Ce magistrat a rendu compte des plaidoiries dans le délibéré de la cour, composée de :
Madame Marie-Bénédicte JACQUET, conseillère, faisant fonction de présidente,
Madame Charlotte MASQUART, conseillère,
Madame Julie MOUTY-TARDIEU, conseillère,
Greffière, lors des débats et du prononcé : Madame Juliette DUPONT,
EXPOSÉ DU LITIGE
Mme [H] [G] (l’allocataire) a formé, le 20 mai 2021, auprès de la maison départementale des personnes handicapées des Yvelines (la MDPH) une demande d’allocation adultes handicapées (AAH) et de complément de ressources, que la commission des droits et de l’autonomie des personnes handicapées (la CDAPH) de la MDPH a refusé de lui attribuer, par décision du 19 août 2021.
Après rejet de son recours administratif préalable obligatoire, le 25 novembre 2021, l’allocataire a saisi le pôle social du tribunal judiciaire de Versailles.
Par jugement du 27 novembre 2023, le pôle social du tribunal judiciaire de Versailles a :
— rejeté le recours de madame [G] ;
— dit bien fondées les décisions de la présidente de la commission des droits et de l’autonomie des personnes handicapées de la maison départementale des personnes handicapées des Yvelines du 19 août 2021 et du 25 novembre 2021;
— condamné l’allocataire aux éventuels dépens de l’instance.
L’allocataire a relevé appel de cette décision. L’affaire a été plaidée à l’audience du 07 janvier 2025.

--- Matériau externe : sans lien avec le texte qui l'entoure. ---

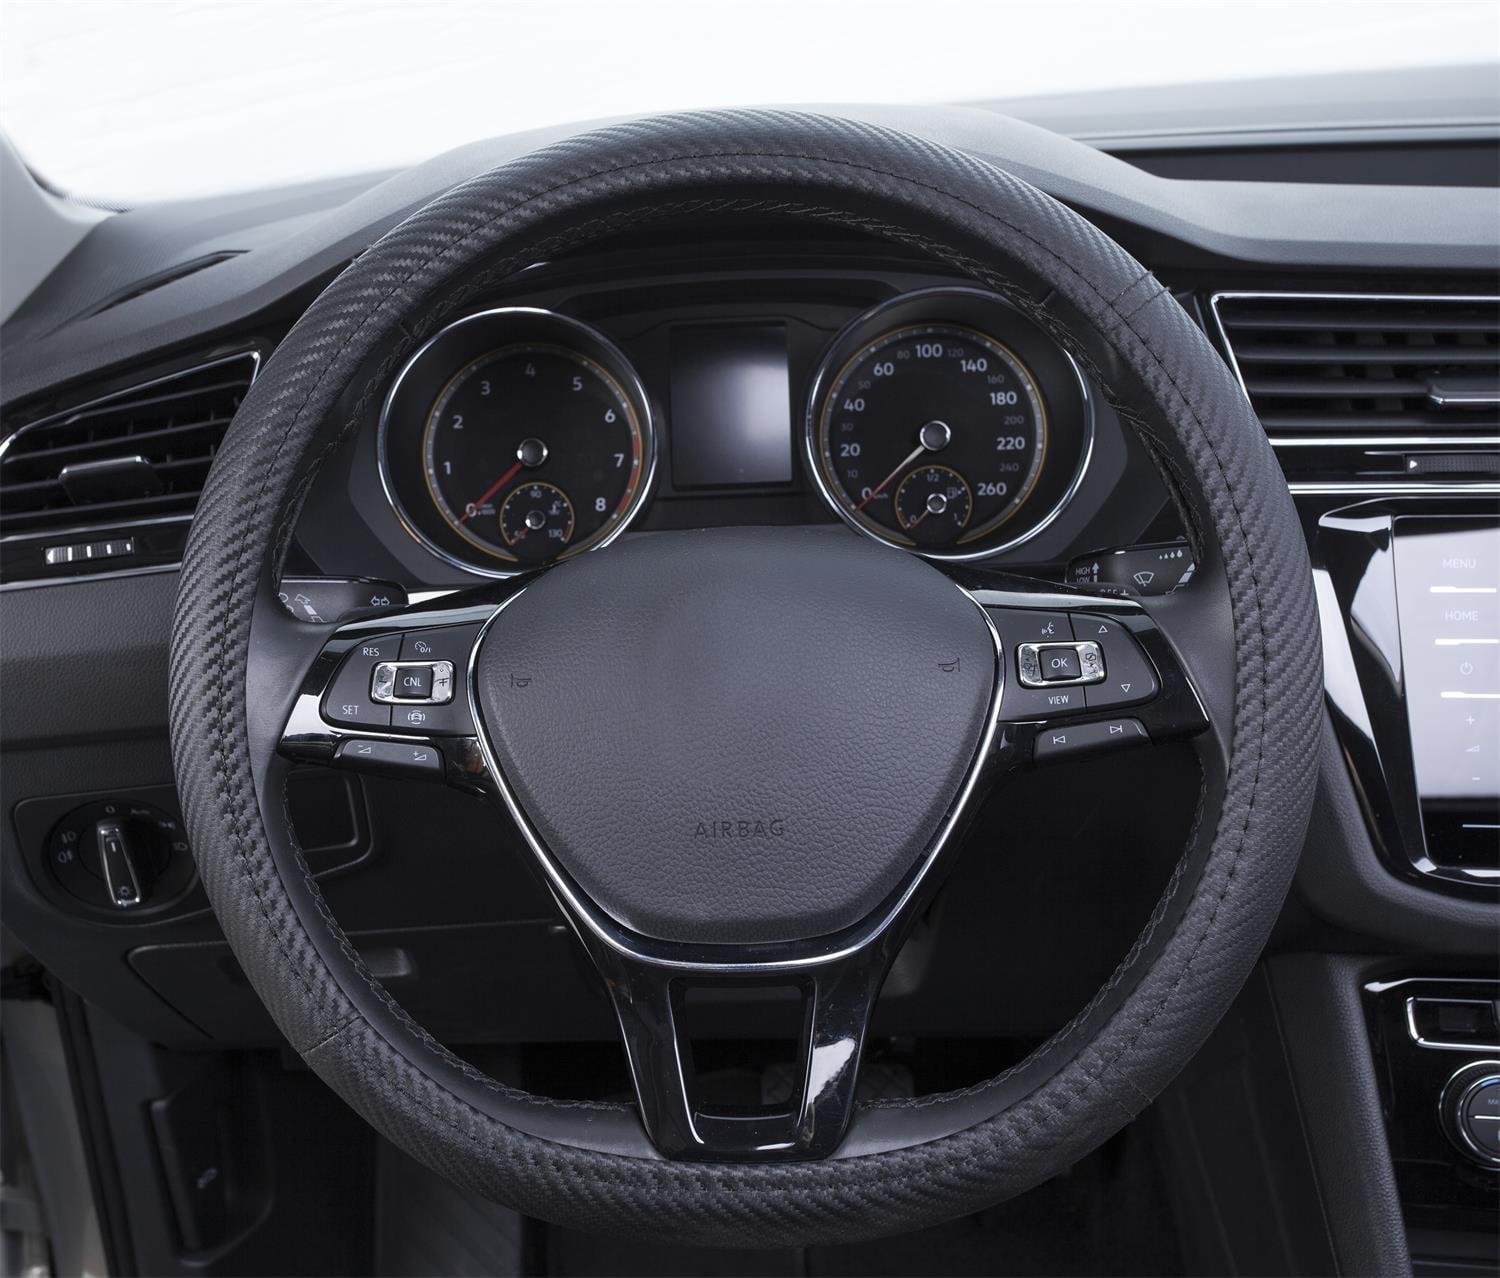 2019 Premium Black Carbon Fiber Leather Steering Wheel Cover Protector Slip-On

Par conclusions écrites, déposées et soutenues oralement à l’audience, auxquelles il est renvoyé pour l’exposé complet des moyens et prétentions, conformément à l’article 455 du code de procédure civile, l’allocataire qui comparaît représentée par son avocat, demande à la cour :
— d’infirmer le jugement déféré en ce qu’il a dit bien fondées les décisions de la Présidente de la Commission des Droits et de l’Autonomie des Personnes Handicapées de la maison départementale des personnes Handicapées des Yvelines du 19 août 2021 et du 25 novembre 2021,
— statuant à nouveau de l’accueillir en sa demande d’allocation adulte handicapé,
— de statuer ce que de droit sur les dépens.

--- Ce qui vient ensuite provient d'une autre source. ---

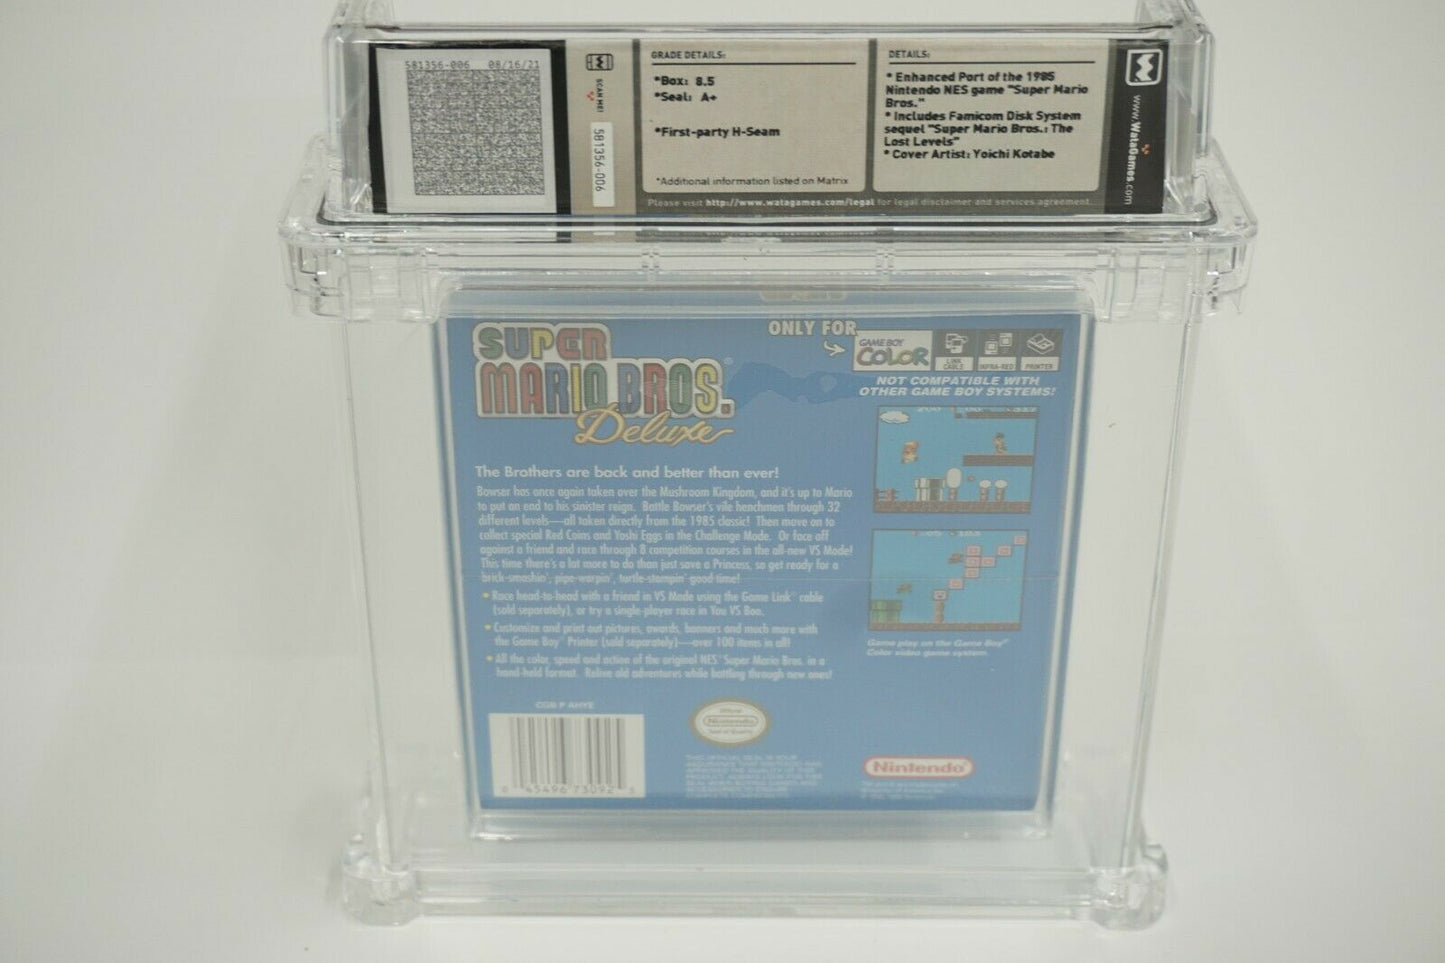 Graded - Super Mario Bros. Deluxe First Print VGA Wata 8.5 A+ GameBoy Color Foil

Au soutien de ses prétentions Mme [G] fait valoir qu’elle présente tant un lupus erythémateux disséminé depuis le 20 novembre 2011 que des troubles bipolaires depuis le 12 avril 2013, qu’elle a obtenu la carte mobilité inclusion mention priorité et la reconnaissance de la qualité de travailleur handicapé. Elle expose qu’indépendamment de sa maladie chronique invalidante, les troubles psychologiques importants résultant de la bipolarité et du lourd traitement nécessité par cette pathologie entraînent une restriction substantielle et durable de son accès à l’emploi. Elle rappelle avoir une formation initiale de professeur des écoles de type Montessori. L’appelante indique qu’elle n’a pu être employée en temps qu’intervenante scolaire que sur des durées très courtes compte tenu de son état de santé à la date de la demande.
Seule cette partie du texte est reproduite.